С другой стороны, не будет ересью сказать, что с определенной точки зрения определенный платонизм похож на определенное христианство; В самом деле, подобно тому, как термин «неоплатонизм», хотя и очерчивает границы пост-плотиновского платонизма, тем не менее, как уже отмечал Романо102, вмещает в себя различные грани и оттенки платонизма, так и так называемое «христианство» было далеко не однородной доктринальной, литургической и конфессиональной структурой, о чем свидетельствуют, в частности, конфликты вокруг преемственности александрийских патриархов. A fortiori, мы не знаем с уверенностью, к каким христианским сектам принадлежали ученики Гермия103. Если Гермий Александрийский, официальный преподаватель платоновской философии в Александрии в V веке н. э., решил «раскрасить» своего Сократа нюансами, угодными определенным александрийским кругам, возможно, в меньшей степени, чем классическому афинскому вкусу, что ж, это было бы не таким уж удивительным обстоятельством. В течение предыдущего столетия Александрия пережила переход от преимущественно языческого общества к преимущественно христианскому104; поэтому не приходится сомневаться, что на скамьях аудитории Гермия в самом центре V века сидело немало студентов-христиан.

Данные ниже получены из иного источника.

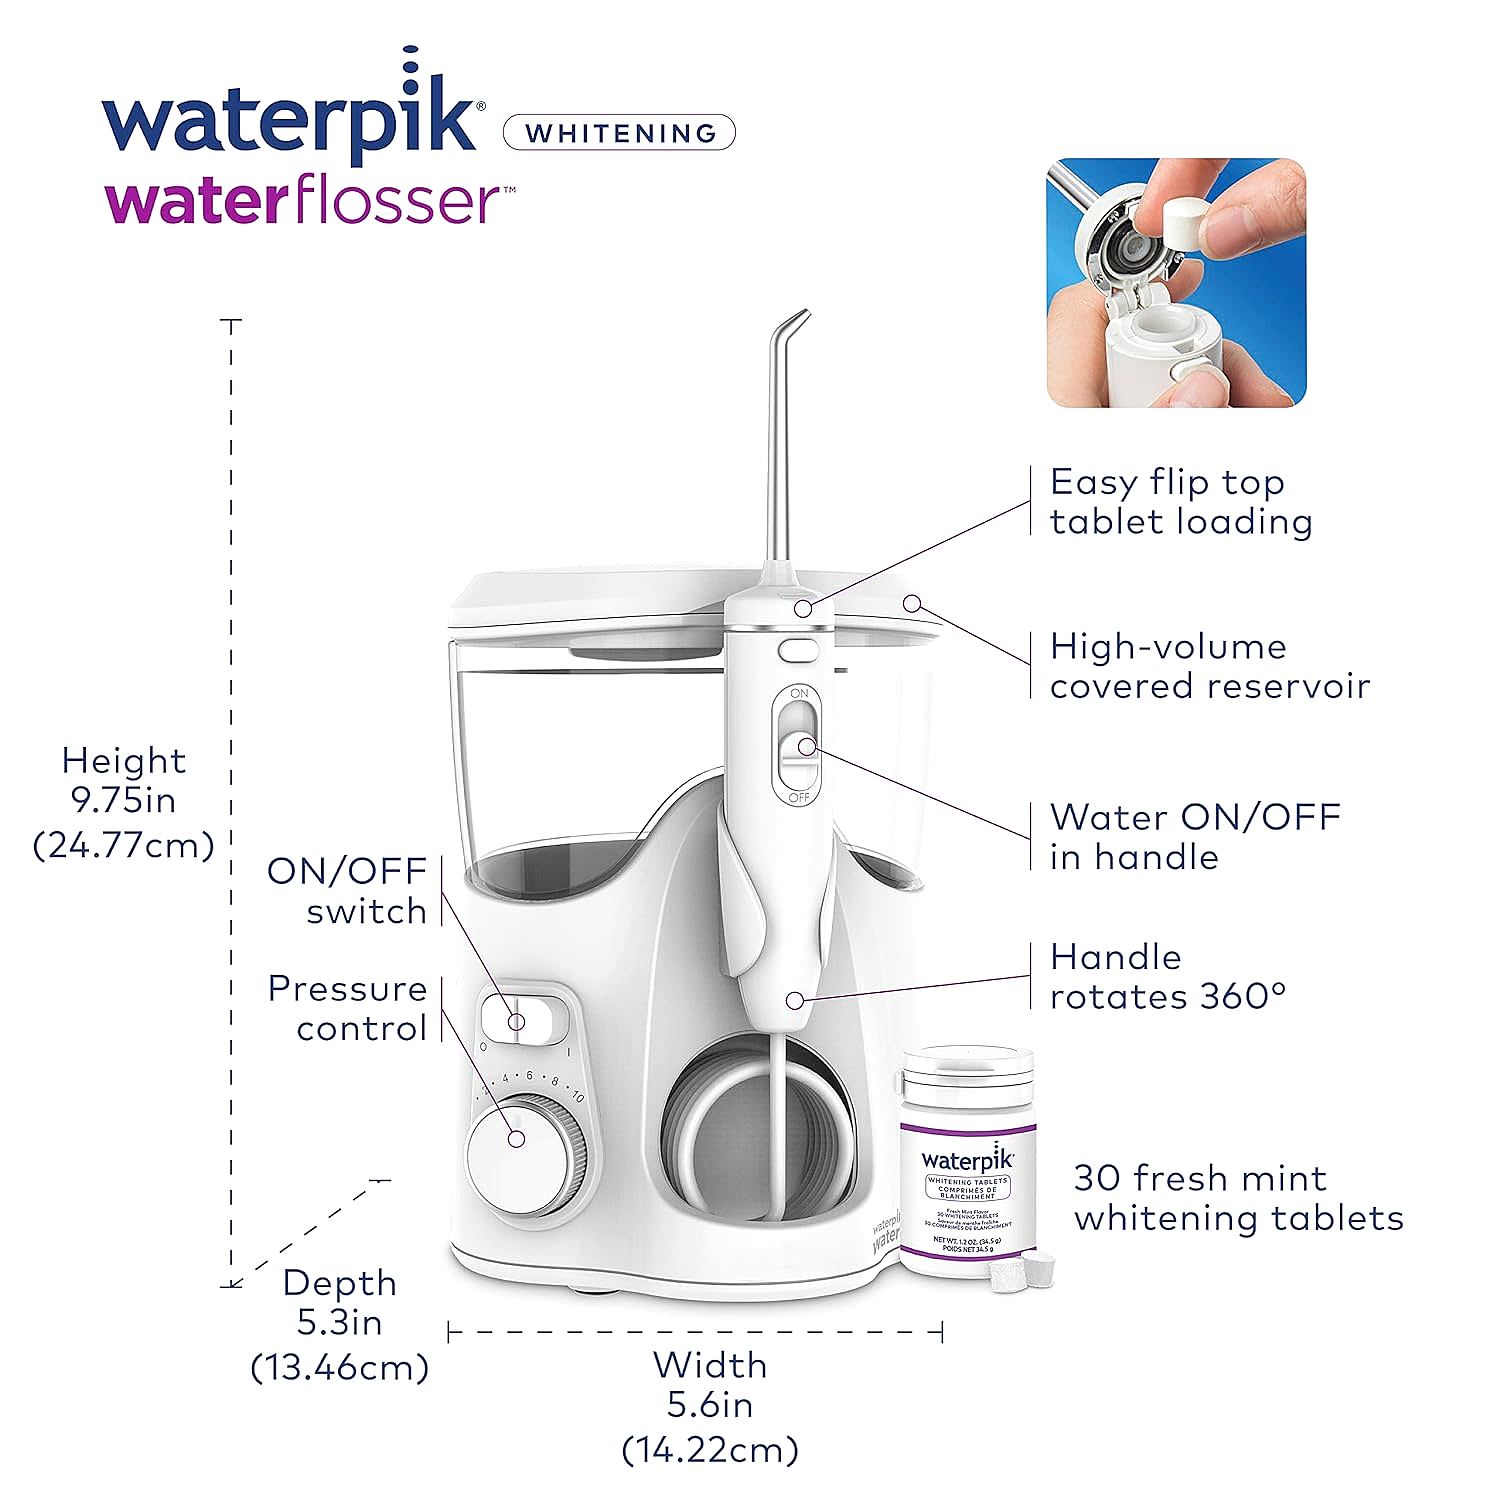  Waterpik WF-06 Whitening Water Flosser   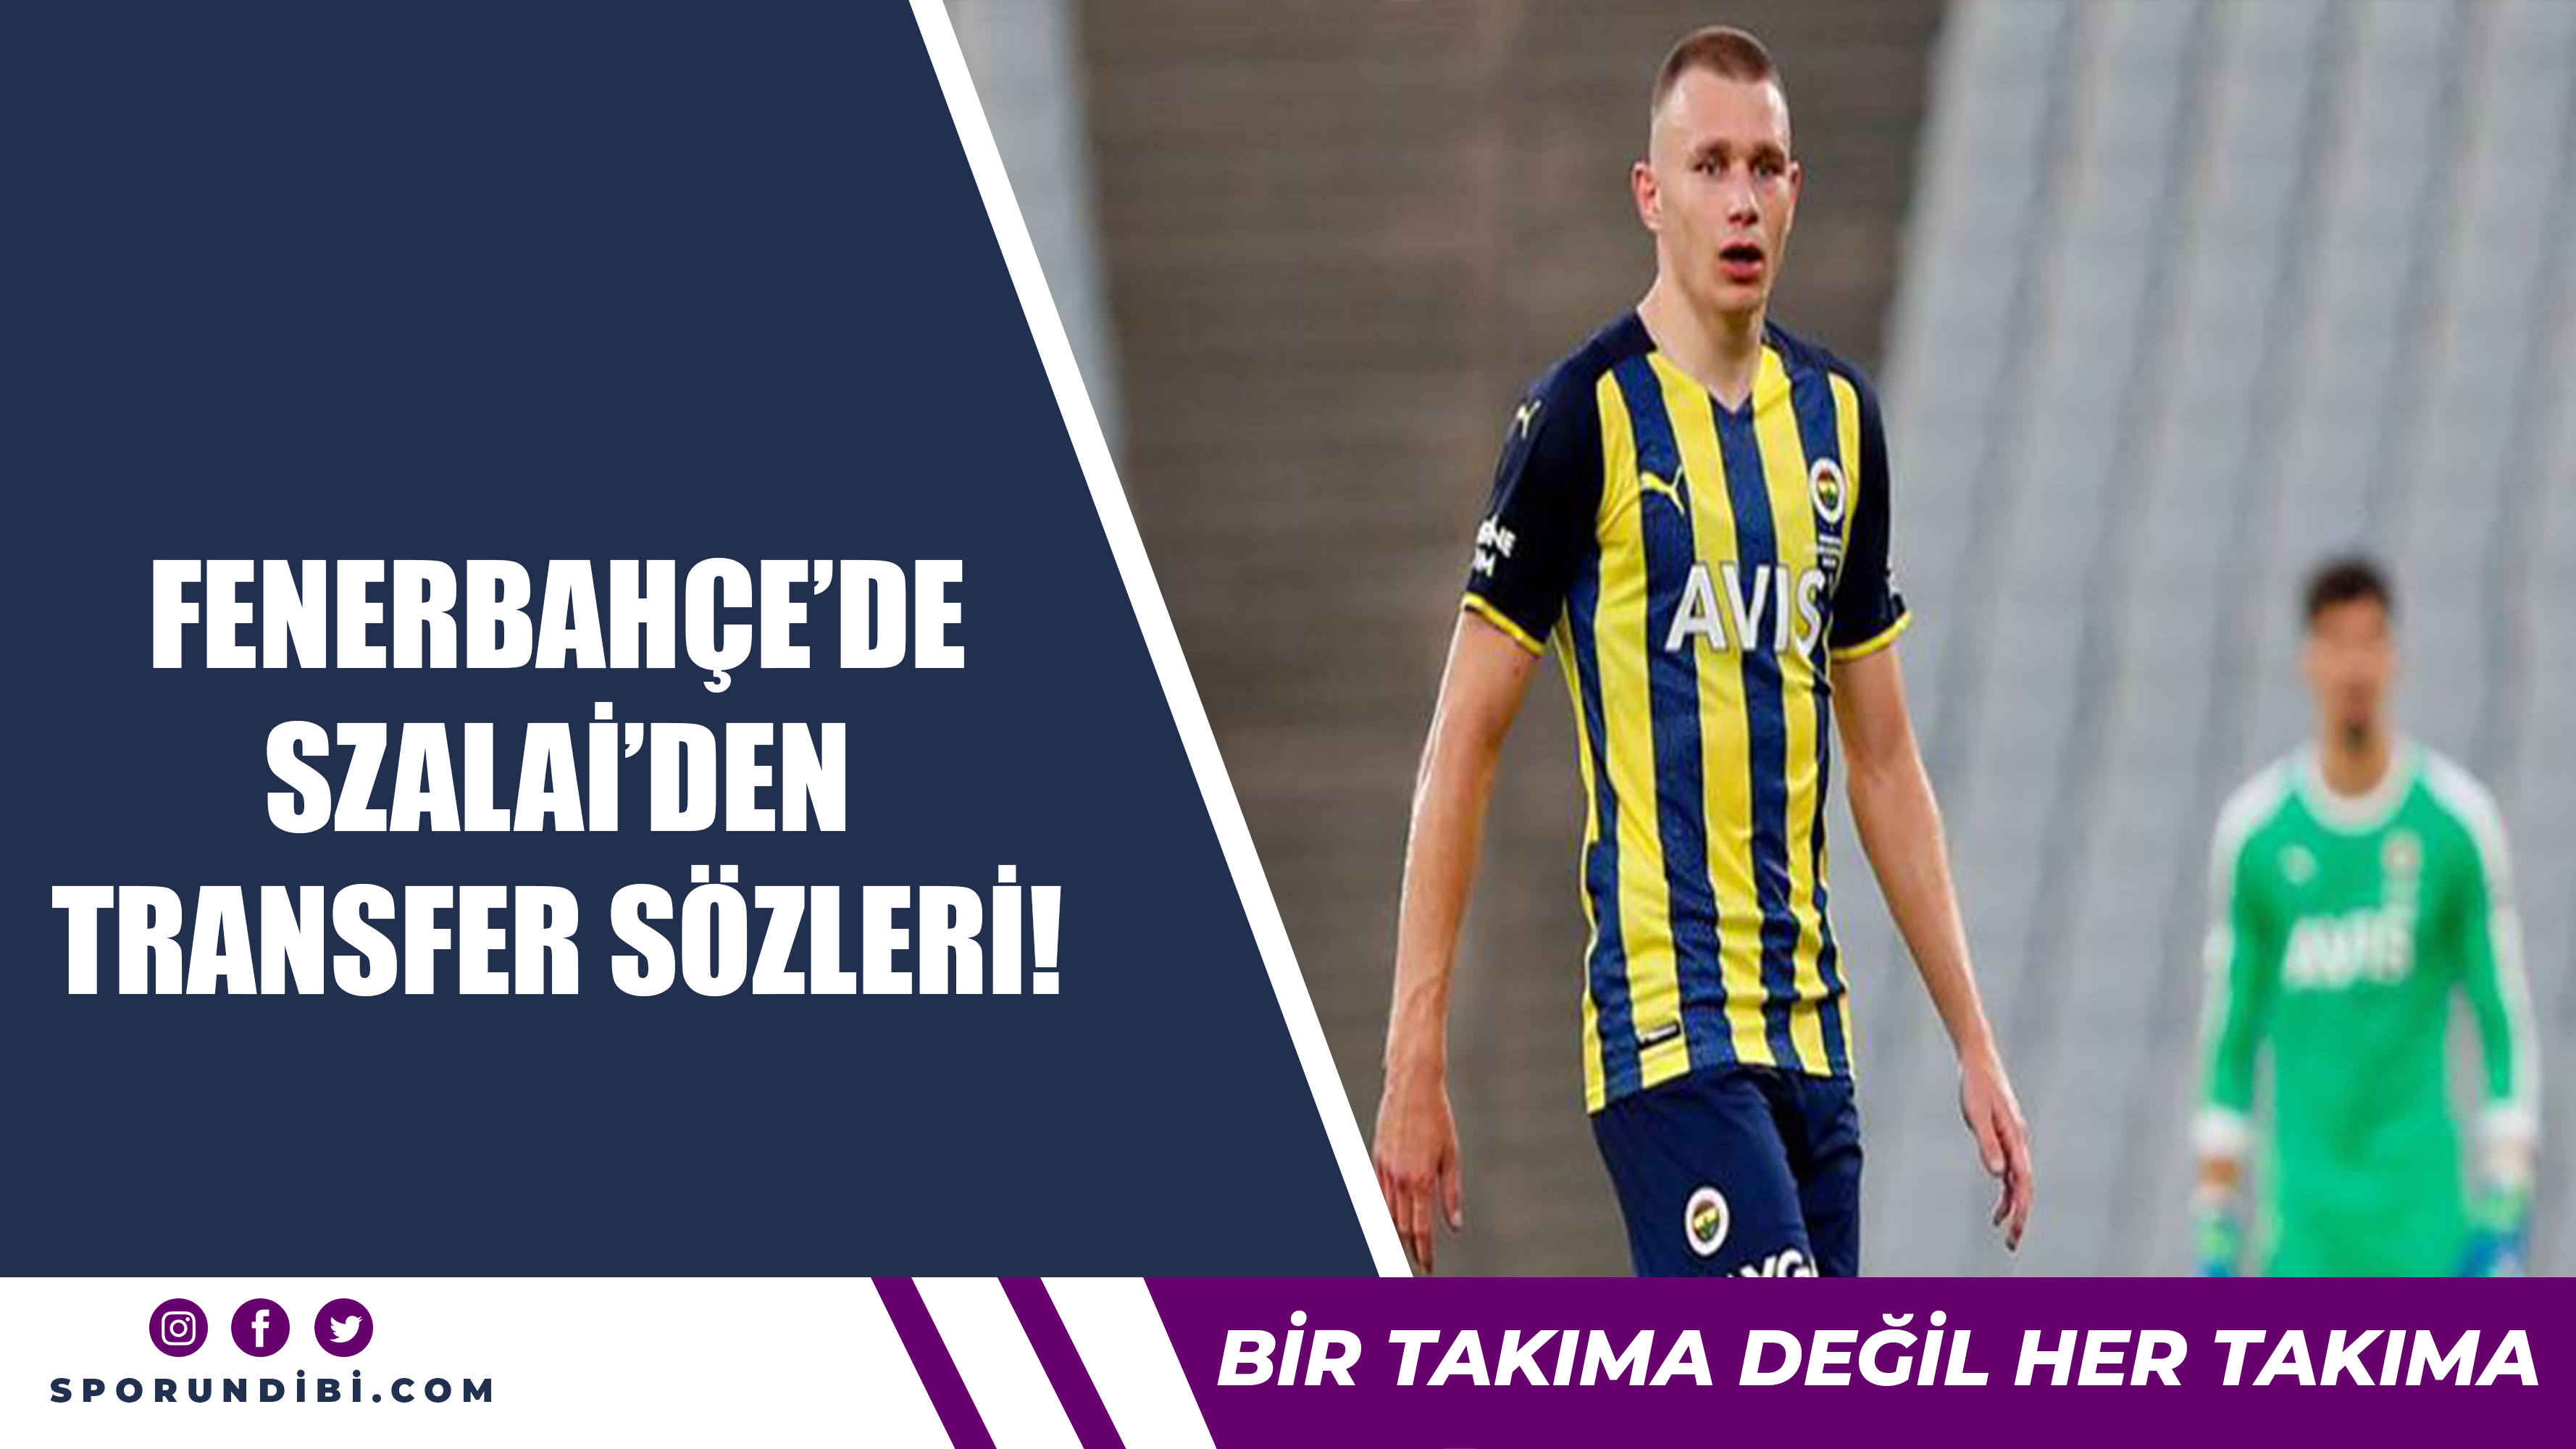 Fenerbahçe'de Szalai'den transfer sözleri!

Действительно, скобки на сократовской χρεία действительно звучат как александрийское дополнение к афинской экзегезе. Давайте прочитаем текст, стараясь опустить скобку χρεία:

«[…] и, поскольку его нынешняя цель [т. е. Сократа] – возвысить юношу, [и поскольку] боги являются самой первой и единственной причиной возвышения (действительно, все остальные [действующие лица], например, демоны или Сократ, выполняют подчиненную и инструментальную функцию от имени богов), именно поэтому он обратился к богам».

Экзегеза очень хорошо работает даже без вспомогательной пропозиции – из-за которой она, наоборот, кажется утяжеленной – и имеет тот же тон, что и проклианские пропозиции «Элементов теологии». Длинная скобка, в самом деле, вызывает явно чрезмерное разделение между причинными предложениями (επειδή πρoκειται αύτω άνάγειν τον νέον; της δε άναγωγής πρώτοι αίτιοι και μoνοι οί θεοί) и главную пропозицию (τους θεούς επεκαλέσατο), расширяя при этом пропозицию, которая в противном случае имела бы вкус строгого силлогизма: 1) Сократ хочет духовно возвысить Федра; 2) причиной духовного возвышения являются боги; 3) Сократ обращается к богам. Действительно, конструкции такого типа довольно часто встречаются в «Комментарии», то есть нередко между каузальной пропозицией и постпозитивной главной пропозицией вводится скобка с поясняющим γάρ, за которой следует соединительный διά τούτο108. В сохранившихся работах Сириана мы не находим подобной синтаксической структуры. Впечатление, которое мы получаем от этого, состоит в том, что Гермий смиренно включил в парентезу весьма распространенную платоновскую доктрину; таким образом он сделал ее полезной и понятной для своего адресата, то есть для своего александрийского круга, который, несомненно, состоял также из христианских студентов, которые, в отличие от нас, современных, могли понять его ссылку без труда. Как утверждает Романо, конечно же, возможно, что «в связи с появлением своих дисциплин […] определенный комментарий не только подвергался модификациям и доработкам, в том числе и теоретическим, но и был предназначен для того, чтобы продержаться в качестве студийного теста в течение одного курса или в течение нескольких поколений учеников «109. Таким образом, «созревание» Гермия по отношению к афинскому преподаванию проистекает лишь из необходимости освободить место для исповедальных утех своей аудитории, как это произойдет столетие спустя в Олимпиодоре Младшем, чья характеристика Сократа, что неудивительно, «была предвосхищена Гермием в более ранней традиции».